Why we like it: The SAI framing aligns directly with AI Pluralism — intelligence as an ecology of specialized agents rather than a single general system. If the goal isn't one model that does everything but many models that each excel at something, the question becomes how those specialists interact. That's exactly the dialectical architecture we're building.

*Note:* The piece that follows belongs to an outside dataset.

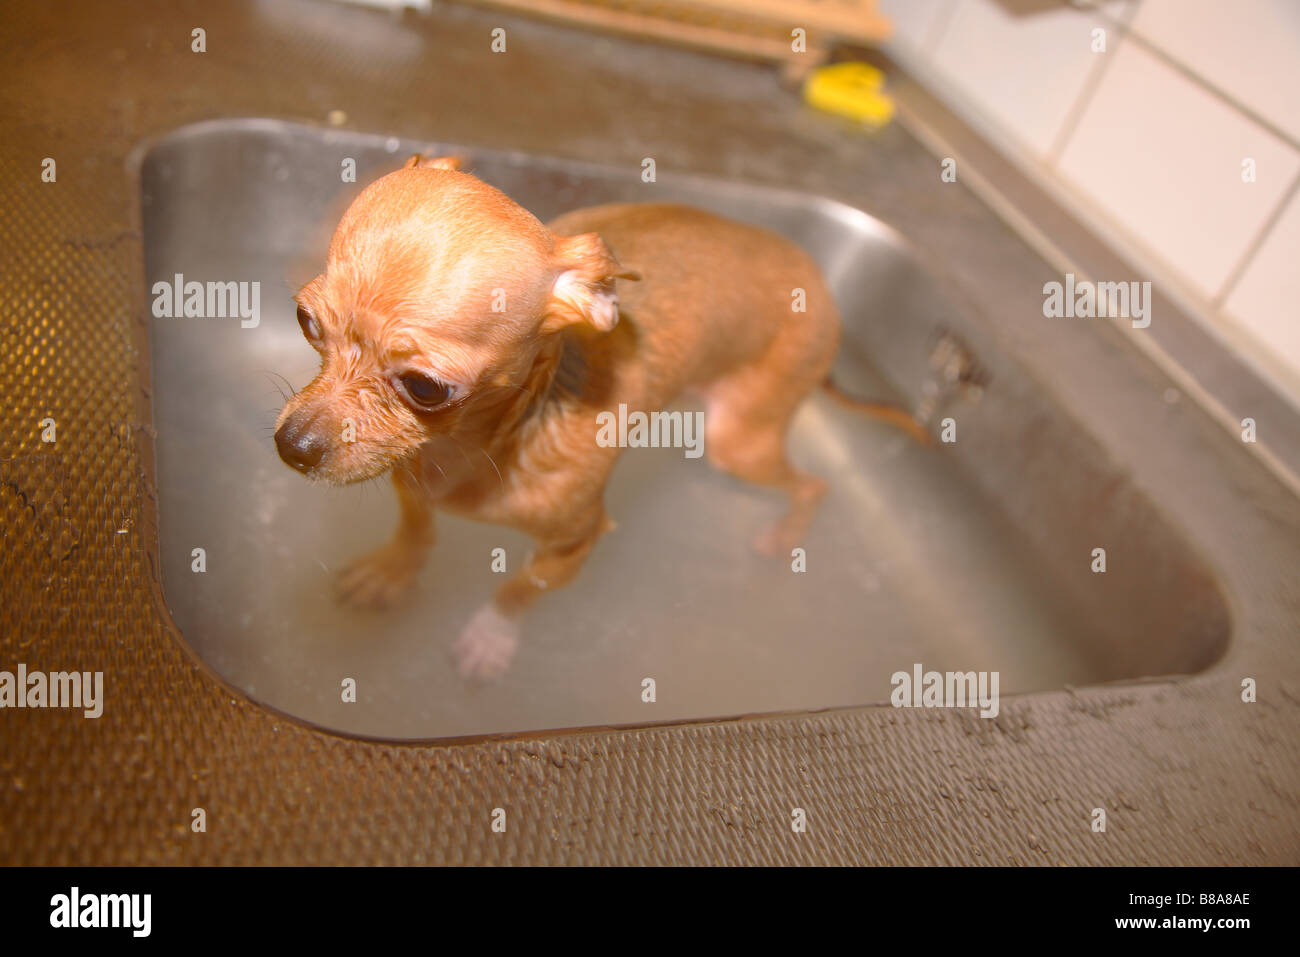 Le nettoyage, le lavage chien chihuahua chiwawa Banque D'Images

STATe-of-Thoughts: Structured Action Templates for Tree-of-Thoughts

Zachary Bamberger, Till R. Saenger, Gilad Morad, Ofra Amir, Brandon M. Stewart, Amir Feder (2026)

Replaces stochastic high-temperature sampling in Tree-of-Thoughts with discrete, interpretable textual interventions. A controller selects high-level reasoning actions, a generator produces conditioned steps, and an evaluator scores candidates — yielding greater output diversity and interpretable reasoning traces.

Why we like it: For argument generation, the paper shows that explicit action sequences capture interpretable features highly predictive of output quality. This is exactly the problem our speech pipeline solves with tactic selection and skeleton building — STATe provides a principled framework for why structured reasoning actions outperform temperature-based diversity in argumentation tasks.

A Superpersuasive Autonomous Policy Debating System

Allen Roush, Devin Gonier, John Hines, Judah Goldfeder, Philippe Martin Wyder, Sanjay Basu, Ravid Shwartz Ziv (2025)

Introduces DeepDebater, an AI system for full, unmodified two-team competitive policy debates. Uses a hierarchical architecture of specialized multi-agent workflows where teams of LLM-powered agents collaborate and critique one another to perform discrete argumentative tasks — speeches, cross-examinations, and rebuttals via iterative retrieval, synthesis, and self-correction.

Why we like it: This is us. DeepDebater is the system that became DebaterHub's debate generation pipeline. Expert human debate coaches preferred the arguments and evidence constructed by the system, and all code, transcripts, audio, and video are open-sourced.

Sequencing the Neurome: Towards Scalable Exact Parameter Reconstruction of Black-Box Neural Networks

Judah Goldfeder, Quinten Roets, Gabe Guo, John Wright, Hod Lipson (2024)

Tackles the NP-Hard problem of extracting exact parameters from black-box neural networks with only query access. Exploits the constraint that deployed networks use random initialization + first-order optimization, and introduces a novel algorithm for generating maximally informative queries. Reconstructs networks with 1.5M+ parameters and 7 layers deep with parameter differences below 0.0001.

Why we like it: If you can reconstruct a neural network's exact weights from its behavior, interpretability becomes a fundamentally different problem. For dialectical AI, this connects to the privacy and transparency questions at the heart of federated M-state aggregation — what can you infer about an agent's training from observing its outputs? Judah is a DebaterHub contributor.